## DATA SECTION
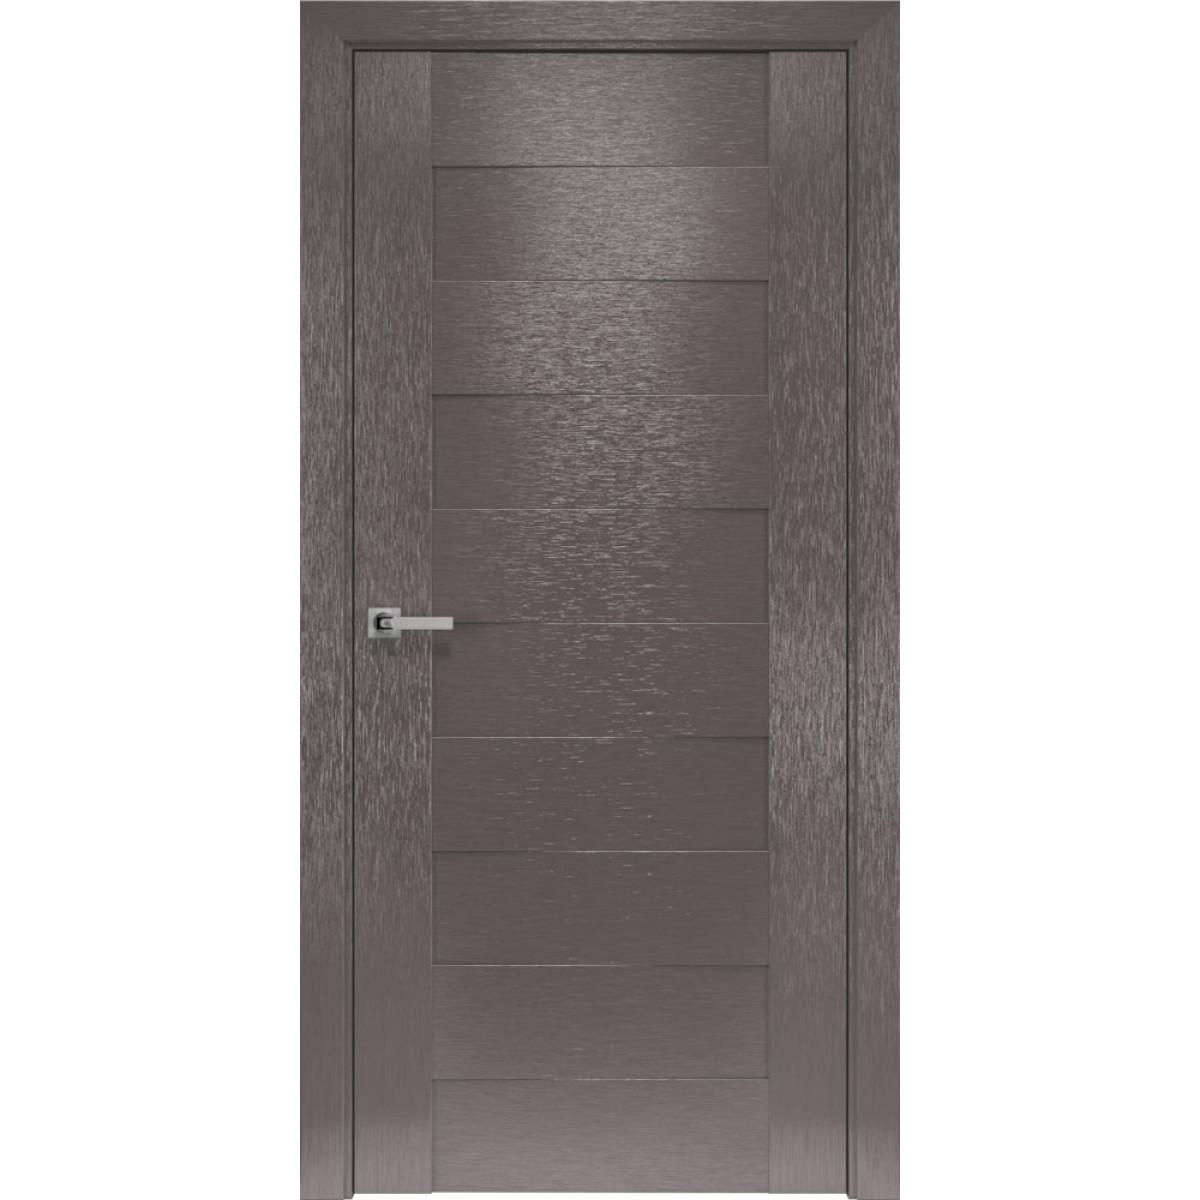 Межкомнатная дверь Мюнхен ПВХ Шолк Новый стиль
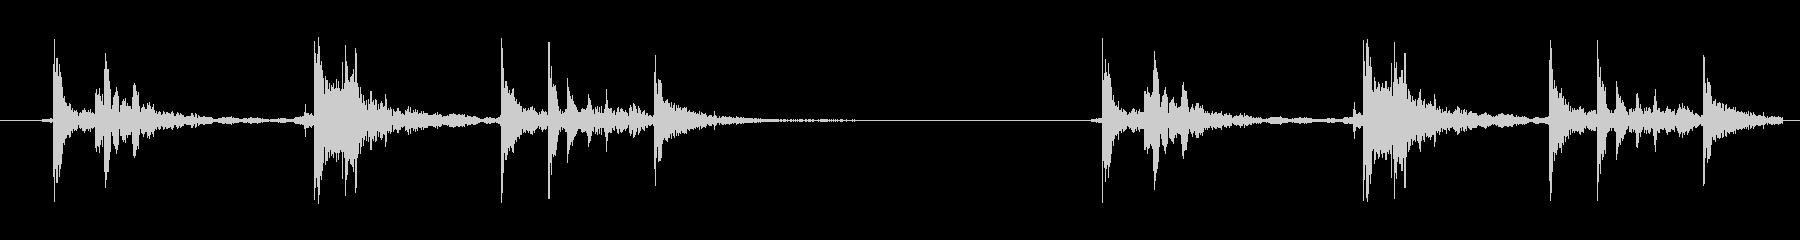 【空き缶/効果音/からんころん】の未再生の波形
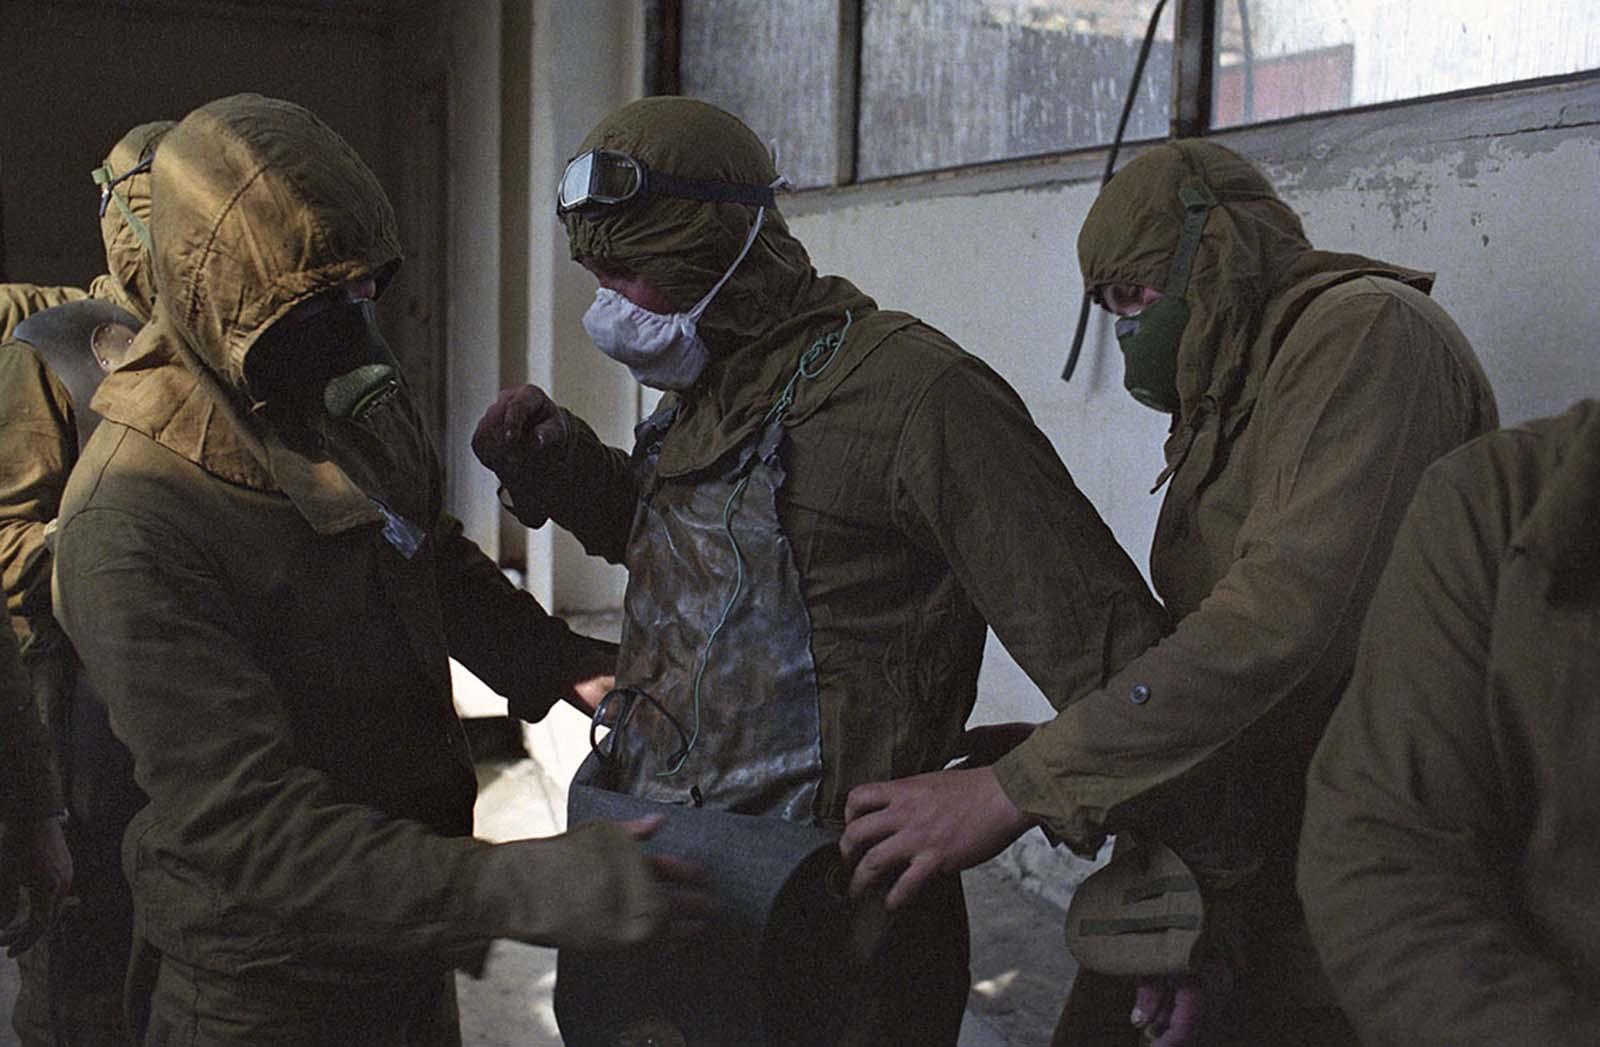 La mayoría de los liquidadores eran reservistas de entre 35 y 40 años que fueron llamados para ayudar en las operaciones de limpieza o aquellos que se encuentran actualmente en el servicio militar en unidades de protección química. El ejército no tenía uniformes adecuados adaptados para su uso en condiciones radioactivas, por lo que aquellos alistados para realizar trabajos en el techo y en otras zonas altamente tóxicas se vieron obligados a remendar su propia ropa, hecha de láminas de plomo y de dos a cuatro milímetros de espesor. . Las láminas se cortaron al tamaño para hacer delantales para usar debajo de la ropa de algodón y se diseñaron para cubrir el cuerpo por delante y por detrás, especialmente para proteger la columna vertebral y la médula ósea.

## INSTRUCTIONS FOR THE TASK
The response must repeat all the lines above exactly and include no pictures.

## SOLUTION
 Межкомнатная дверь Мюнхен ПВХ Шолк Новый стиль
 【空き缶/効果音/からんころん】の未再生の波形
 La mayoría de los liquidadores eran reservistas de entre 35 y 40 años que fueron llamados para ayudar en las operaciones de limpieza o aquellos que se encuentran actualmente en el servicio militar en unidades de protección química. El ejército no tenía uniformes adecuados adaptados para su uso en condiciones radioactivas, por lo que aquellos alistados para realizar trabajos en el techo y en otras zonas altamente tóxicas se vieron obligados a remendar su propia ropa, hecha de láminas de plomo y de dos a cuatro milímetros de espesor. . Las láminas se cortaron al tamaño para hacer delantales para usar debajo de la ropa de algodón y se diseñaron para cubrir el cuerpo por delante y por detrás, especialmente para proteger la columna vertebral y la médula ósea.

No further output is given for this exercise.